A narrativa bíblica, a partir de Gênesis, afirma que Deus criou o mundo e tudo o que nele existe, especialmente o homem, sua obra-prima. Deus é apresentado como a divindade central, absoluta e onipresente. Em contrapartida, Baruch Espinosa, embora não negue a criação ou as origens da humanidade, postula que a separação entre o homem e Deus é uma ilusão. Segundo ele, as pessoas, assim como a natureza em sua totalidade, são sagradas e manifestações do Divino, não dependendo de um salvador ou observador externo que tudo controla. Ele questiona a ideia de que a obediência e o bom comportamento nesta vida garantem a vida eterna após a morte.

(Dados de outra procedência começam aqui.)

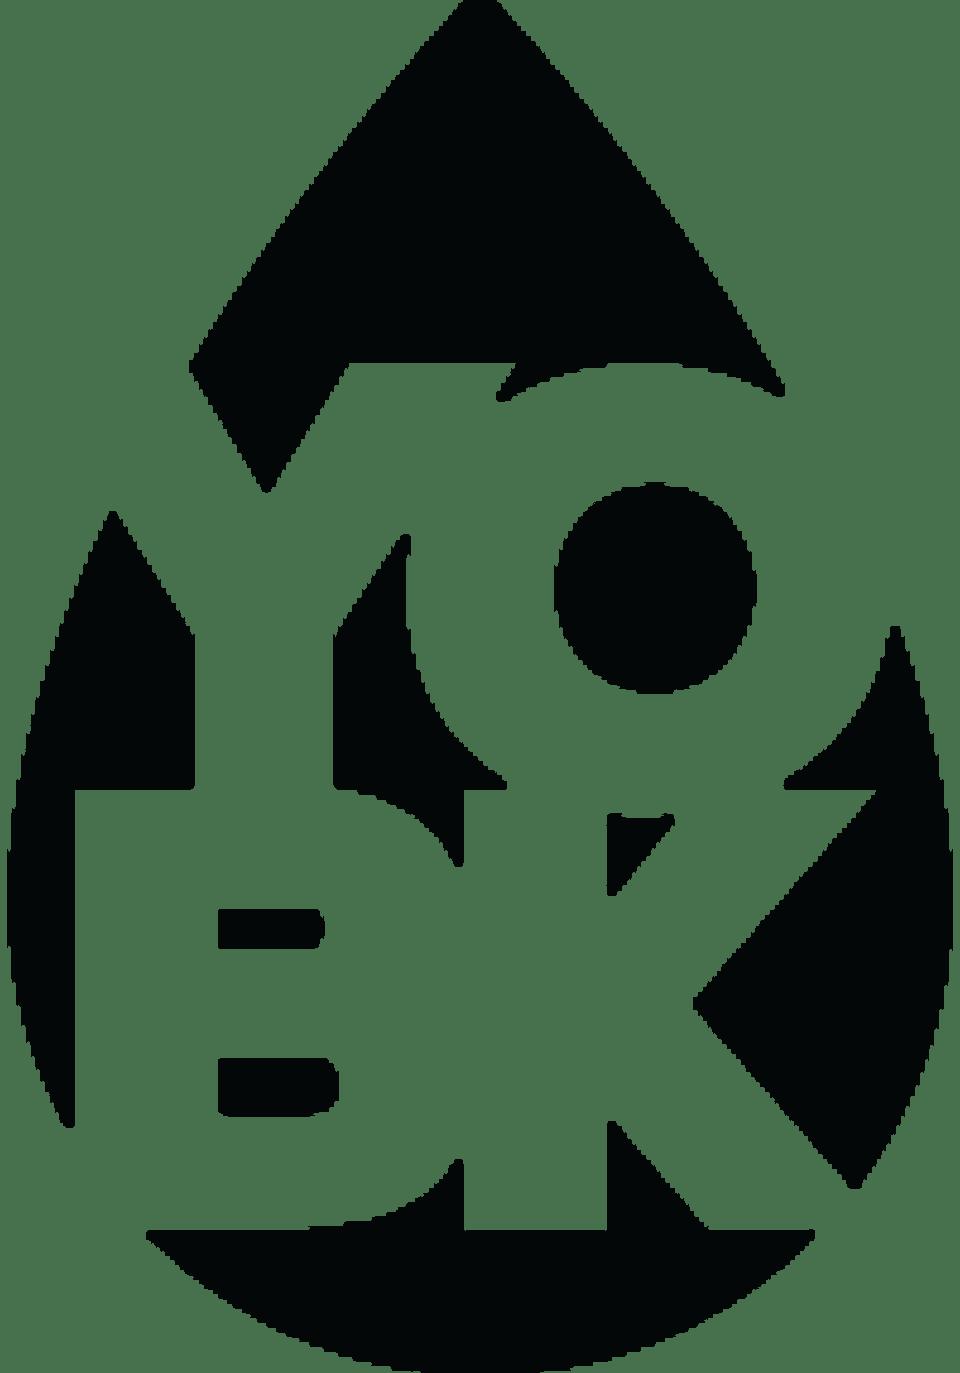 YO BK Williamsburg logo
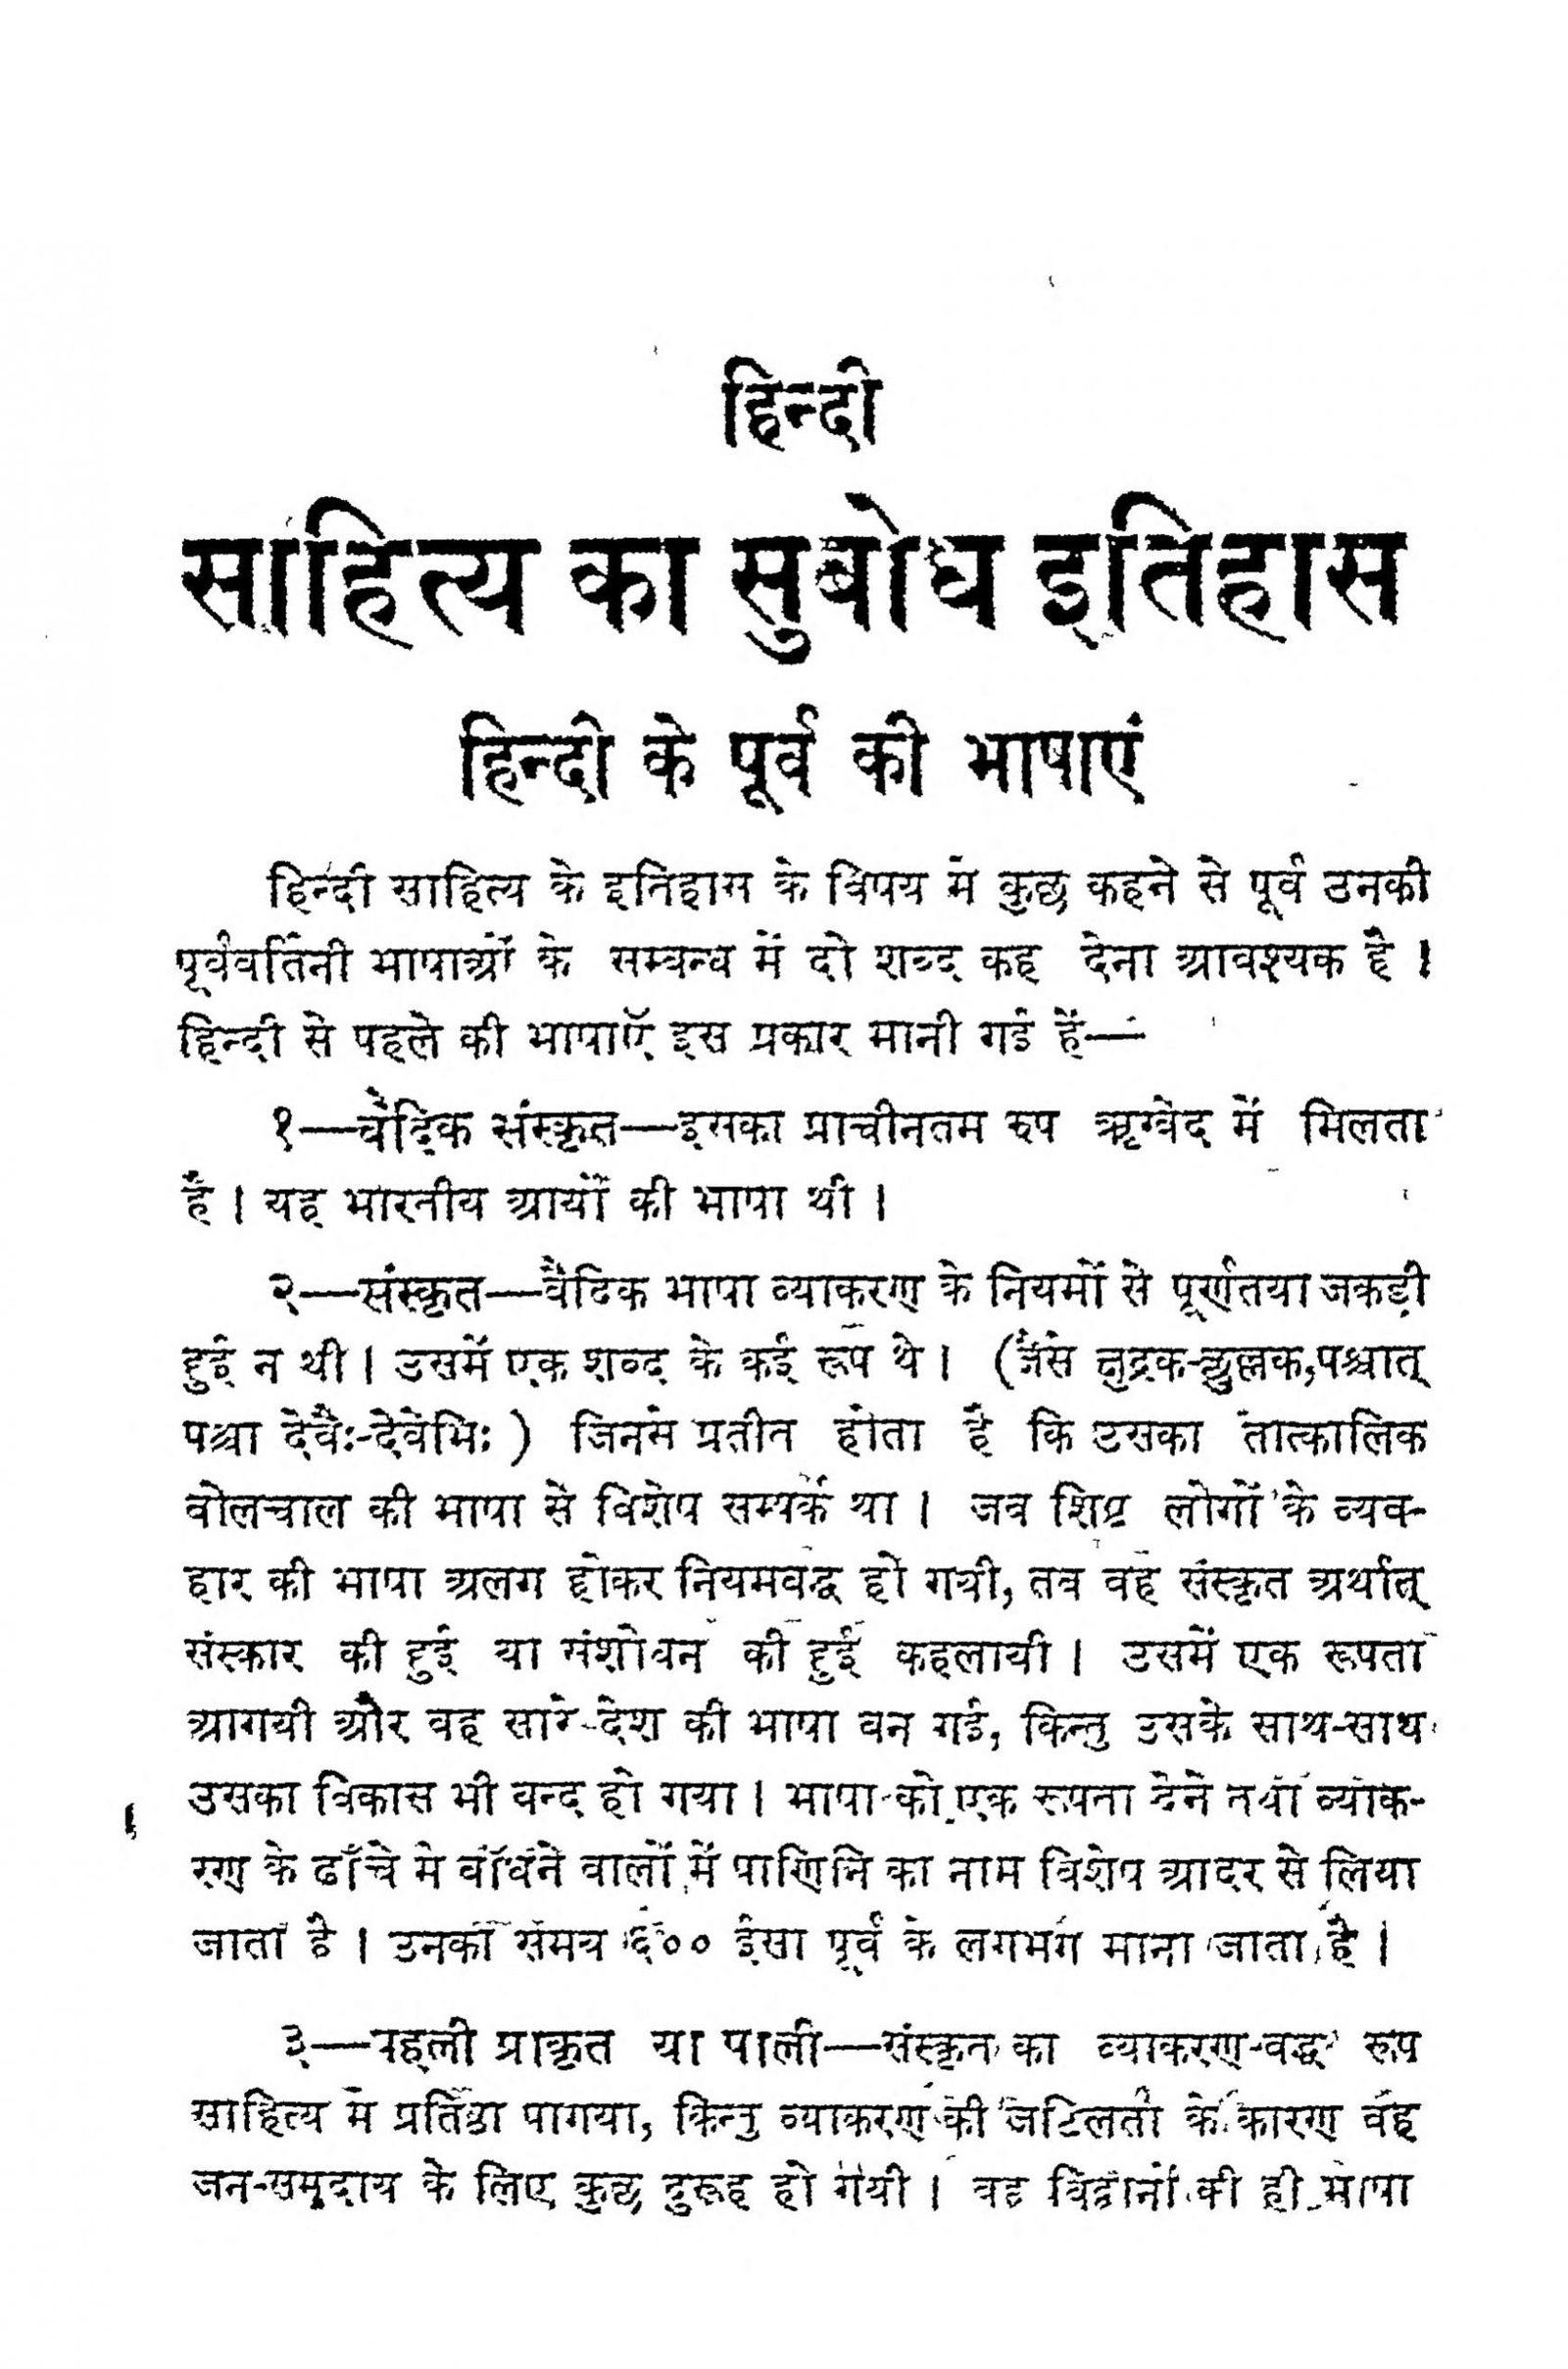 Book Image : हिंदी साहित्य का सुबोध इतिहास - Hindi Sahitya Ka Subodh Itihas

Em essência, enquanto as religiões ocidentais pregam a obediência como caminho para a salvação, Espinosa argumenta que somos autossuficientes. Somos manifestações da vida em forma humana, como outras manifestações que surgem para cumprir uma missão. Assim como os seres vivos na natureza, nossas vidas são autônomas e devem ser vividas de forma livre e prazerosa, sem o receio de perder a salvação por um comportamento inadequado.
Na verdade, se essa ideia de Espinosa, que é bem embasada e defendida por ele, for verdadeira, governantes e instituições religiosas, que detêm poder sobre seus seguidores através do ensino e da exigência de obediência, perderiam sua razão de existir. Se as pessoas são autônomas e autossuficientes, qual seria o papel dos líderes religiosos e governantes? A humanidade e a natureza poderiam se autorregular, e a vida seguiria seu curso sem intermediários.
Aconselhamos a não se impressionar com essa perspectiva, pois, segundo Espinosa, a inocência é como plumas ao vento: uma vez perdida, jamais se consegue juntar.